Primary care provider key to achieving health equity

People waiting in line in Covina for the one-shot Johnson and Johnson COVID-19 vaccine. (Photo: Ringo Chiu, via Shutterstock)
California is gearing up to make history. The state will achieve near universal health coverage in 2024 by expanding Medi-Cal, the state’s Medicaid program, to all income-eligible Californians. Immigration status will no longer be an obstacle.

This milestone follows Medi-Cal access expansions to all income-eligible children in 2016, young adults in 2020, and older Californians this year. But expansion of coverage alone is not the end game.

Having a relationship with a trusted primary care provider is a lifelong  need for patients to make the best medical decisions.

As COVID-19 has shown, Californians are in critical need of access to medical professionals who understand their language and community, build long-term patient relationships, and can help navigate the complexities of health care. A primary care provider should fill this need.

Primary care providers and teams, including physicians, nurse practitioners, physician assistants, community health workers, and behavioral health staff, administer critical first-line care for physical and behavioral health.

They help patients diagnose symptoms, prevent disease and receive vaccines, manage chronic illness, and overcome social stressors that impact health, such as violence or food insecurity. They also help coordinate care regimens when needed, such as testing and specialist care.

Having a relationship with a trusted primary care provider is a lifelong need for patients to make the best medical decisions and to avoid getting lost in or ignored by the health care system. Ultimately, it is a matter of equity, ensuring that all Californians, regardless of insurance coverage, can find, access, and trust a primary care provider.

Despite its critical role, primary care is consistently under-resourced.

Medi-Cal covers approximately a third of Californians, nearly half of the state’s children, and disproportionately serves communities of color. Specifically, Medi-Cal serves 34 percent of the state’s Latinos, 28 percent of Black Californians, and 15 percent of the Asian American Pacific Islander community. Medi-Cal also serves those facing health challenges shaped by poverty, housing and food insecurity, pollution, and racial injustice.

Due to these longstanding systemic inequities, Californians enrolled in Medi-Cal are less likely to have a usual source of care and twice as likely to have poor overall health. To ensure high quality of care for all Californians, the state must strengthen primary care in Medi-Cal and ensure everyone enrolled in the program has a trusted primary care provider.

There are seldom simple solutions in health care. Yet, primary care access is associated with reduced mortality and health disparities. Despite its critical role, primary care is consistently under-resourced. Investing more in primary care will help ensure our health care system is equipped to keep us healthy instead of waiting until we are sick to treat us.

A first-ever analysis of 13 managed care plans contracted with the state to provide care for nearly half of Medi-Cal members reveals that they spend between 5 and 19 percent on primary care. Californians enrolled in plans that invest more in primary care receive higher quality care and have better and more positive care experiences.
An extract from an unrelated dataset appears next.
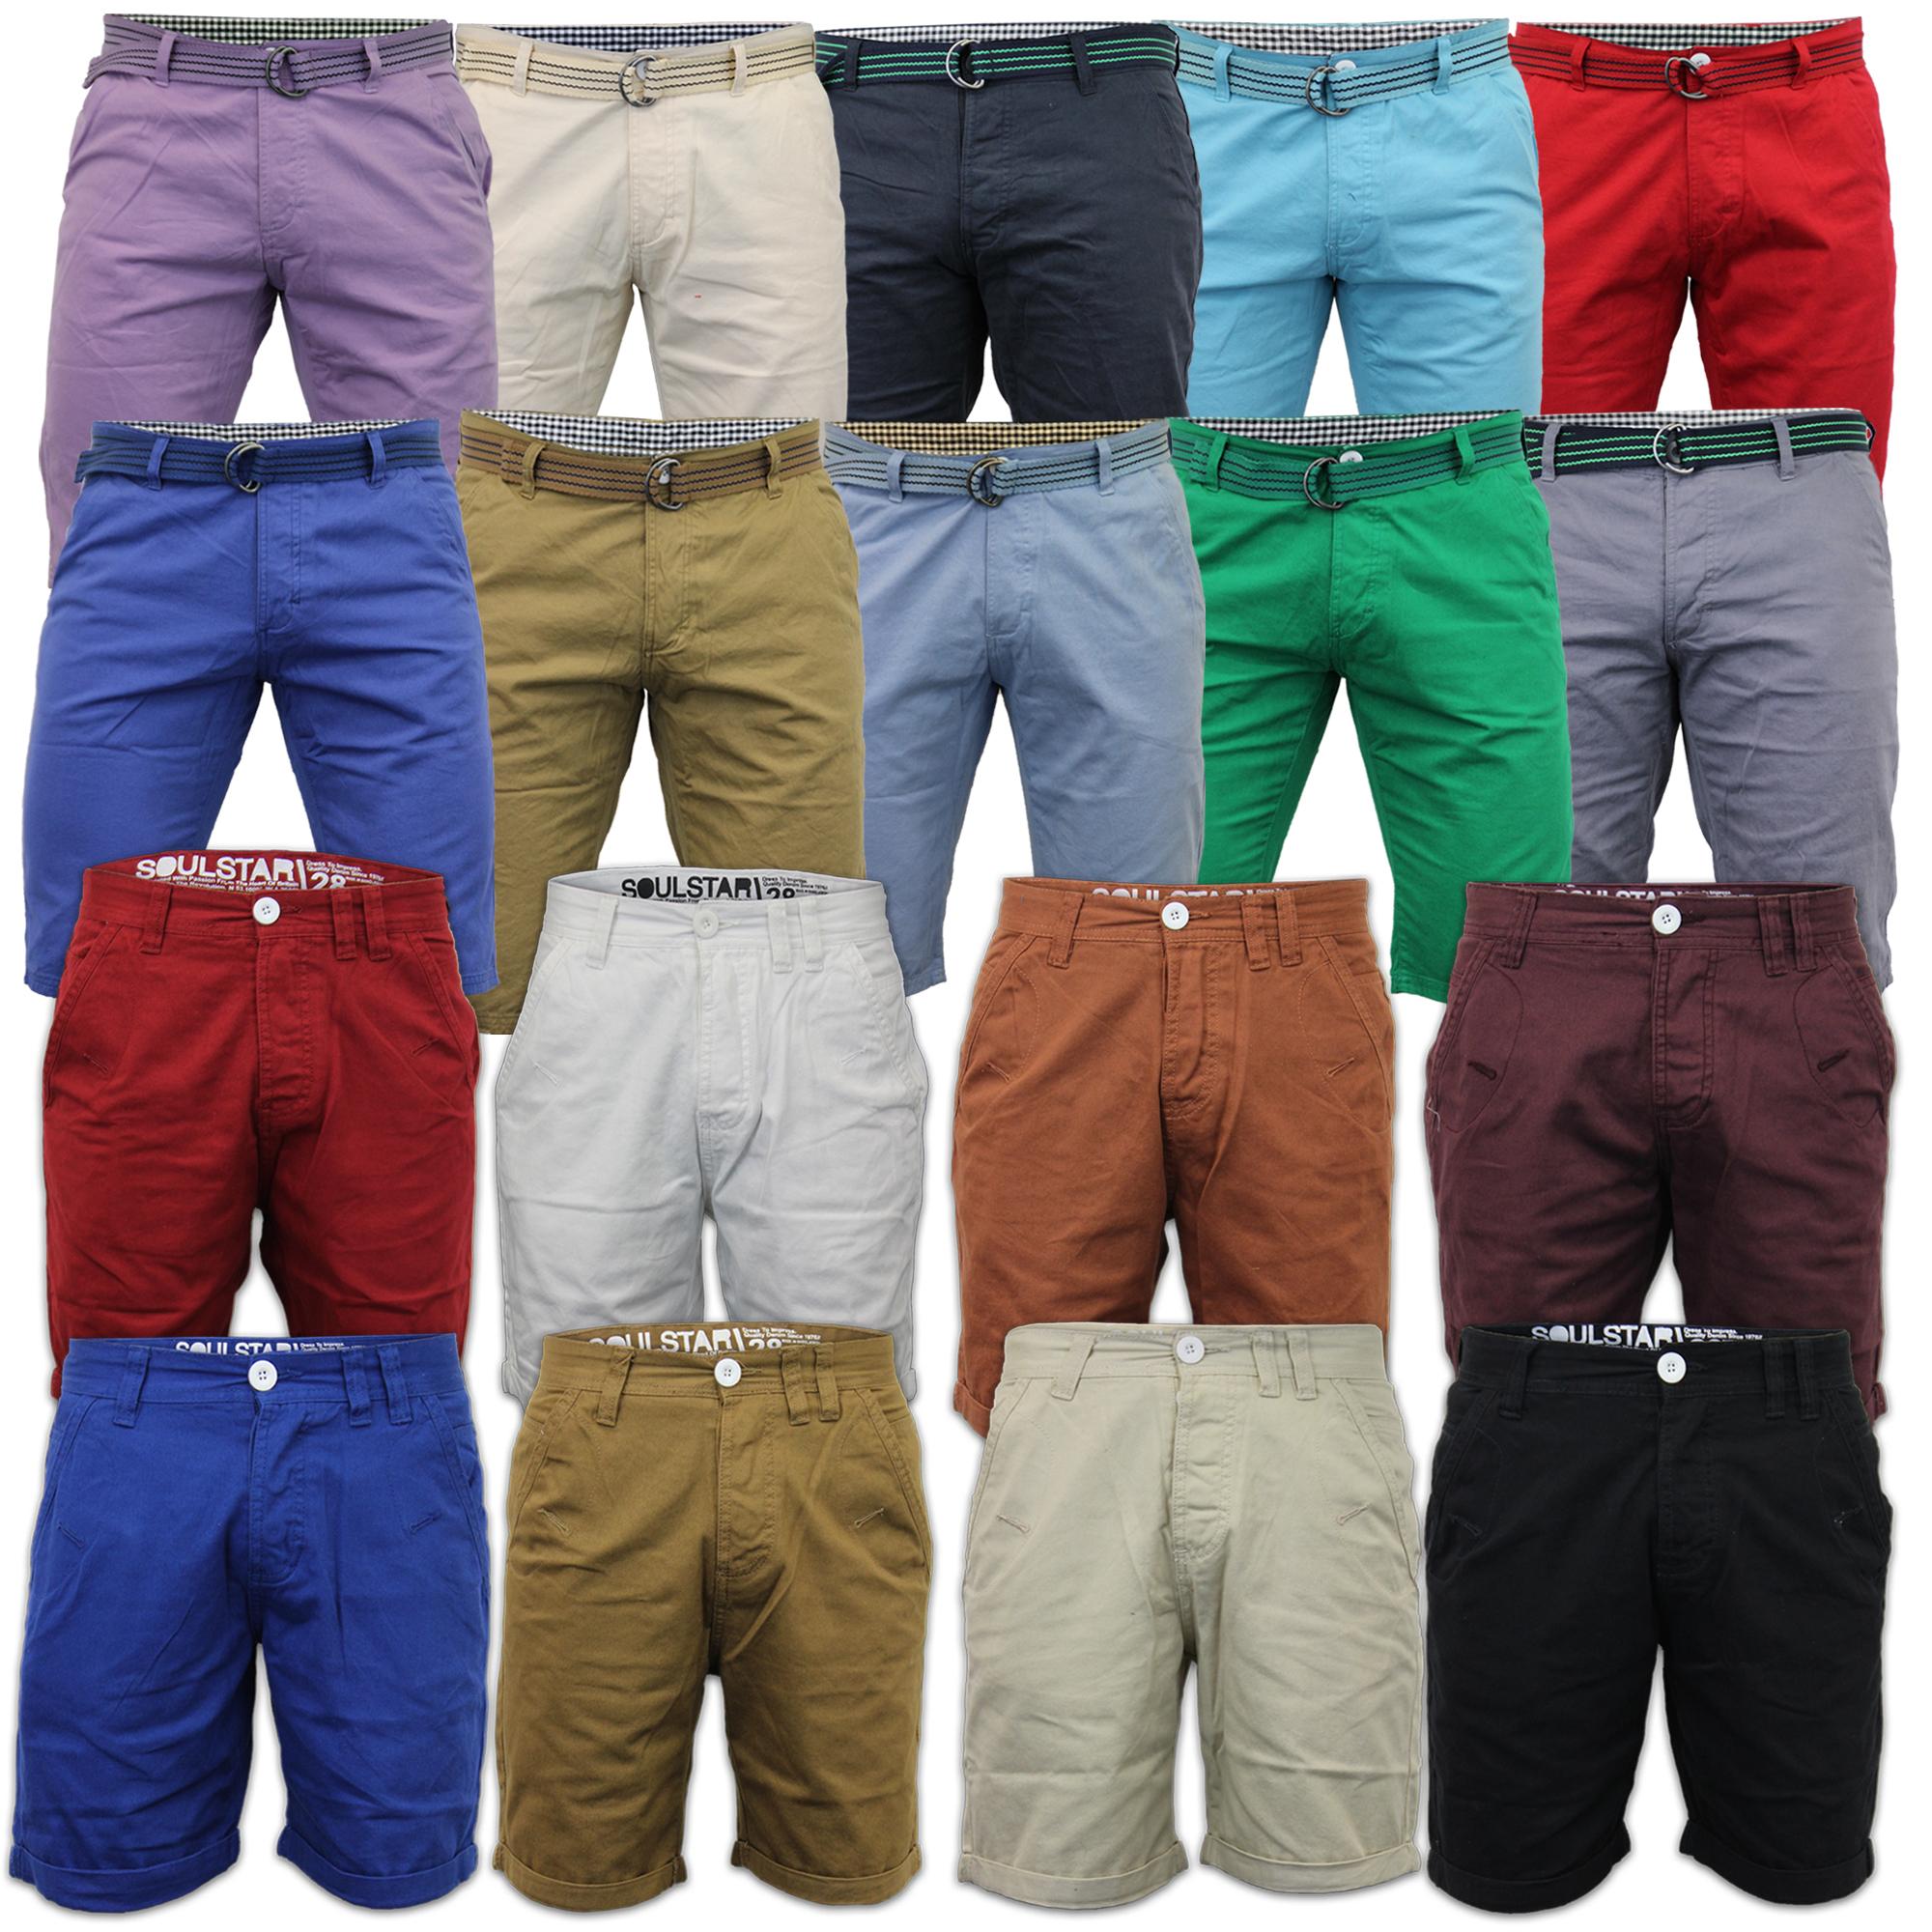 371ce28e863 Boys Shorts Soul Star Kids Chino Summer Half Pants Roll Up Cotton ...
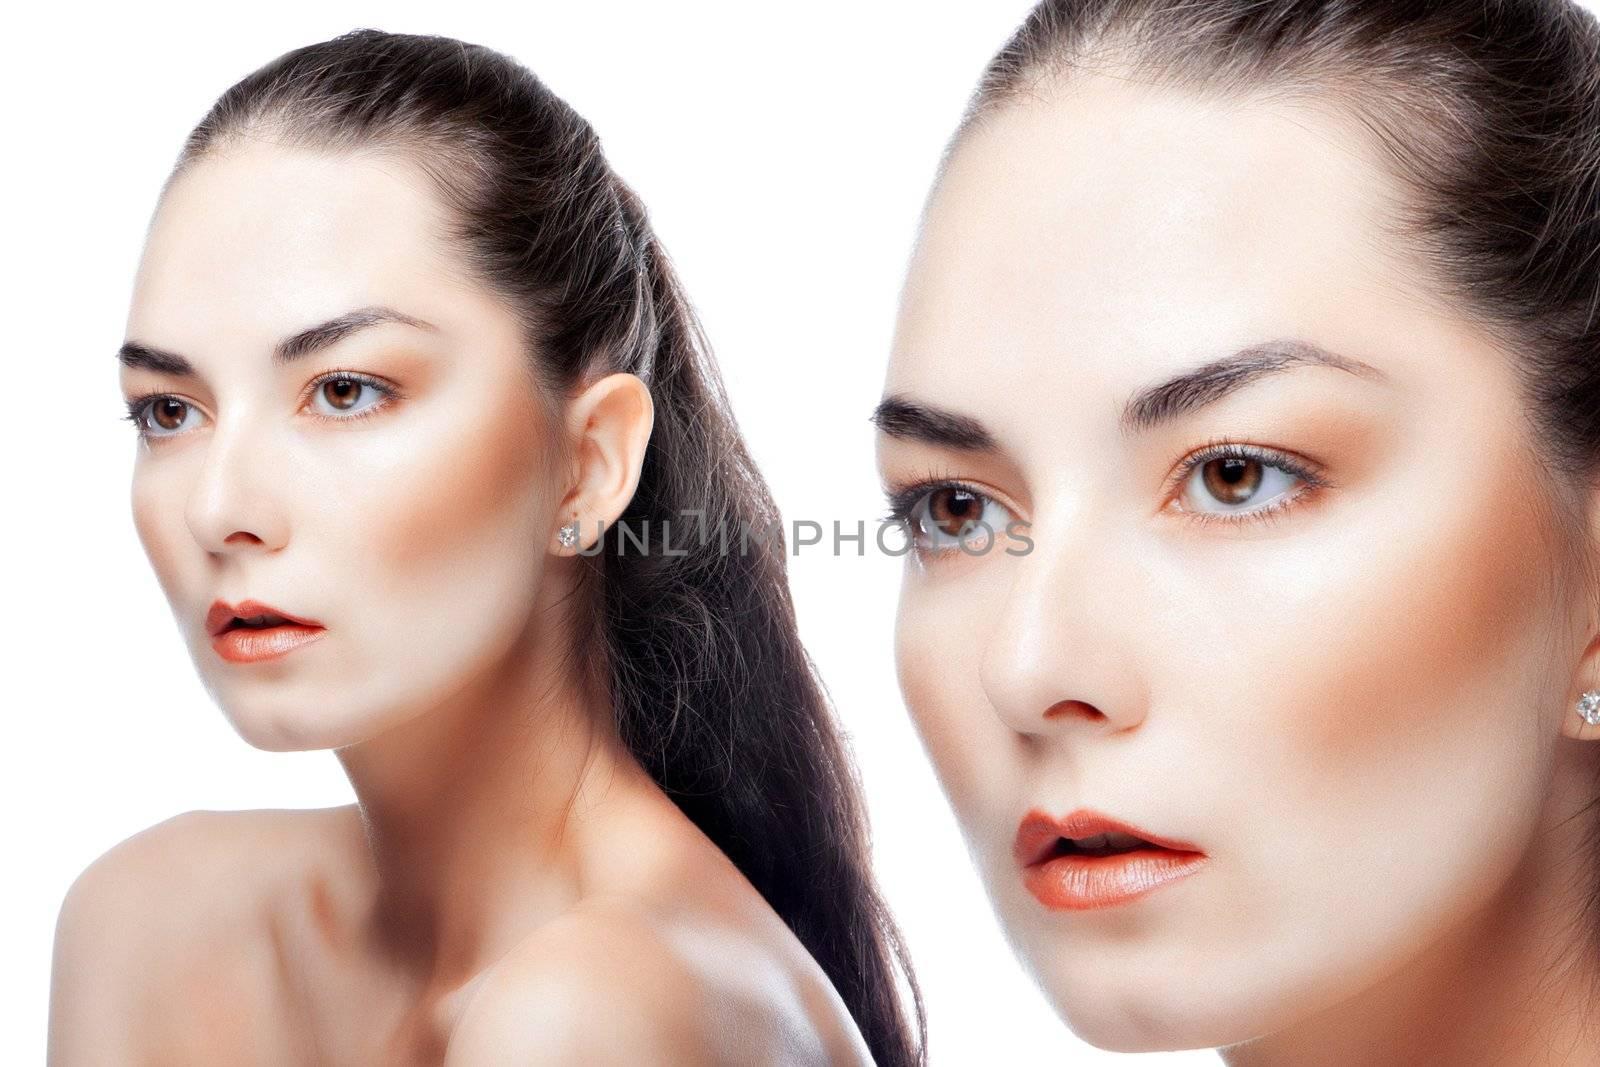 beauty portrait of a woman on a light background.

These findings show the importance of primary care in the broader Medi-Cal reforms underway. California has made primary care a foundation of its Bold Goals 50X2025 quality and equity strategy, seeking to halve disparities in rates of well-child exams and immunizations, maternity care, mental health care, and other essential services. Starting in 2024, payments to managed care plans will be tied to quality and equity measures, and plans will be required to report their primary care spending.

By investing in and strengthening primary care, we can put all patients at the center of health care and build a more accessible and responsive health care system. Ensuring transparency in primary care investments and managed care performance measures will hold plans accountable for quality, value, and equity in health outcomes for Californians from all walks of life.

This is the next frontier in health care reform, and California is leading the way.

Editor’s Note: Palav Babaria, M.D., is Chief Quality and Medical Officer and Deputy Director for Quality and Population Health Management at the Department of Health Care Services, which oversees the Medi-Cal program. Kiran Savage-Sangwan is the executive director of the California Pan-Ethnic Health Network.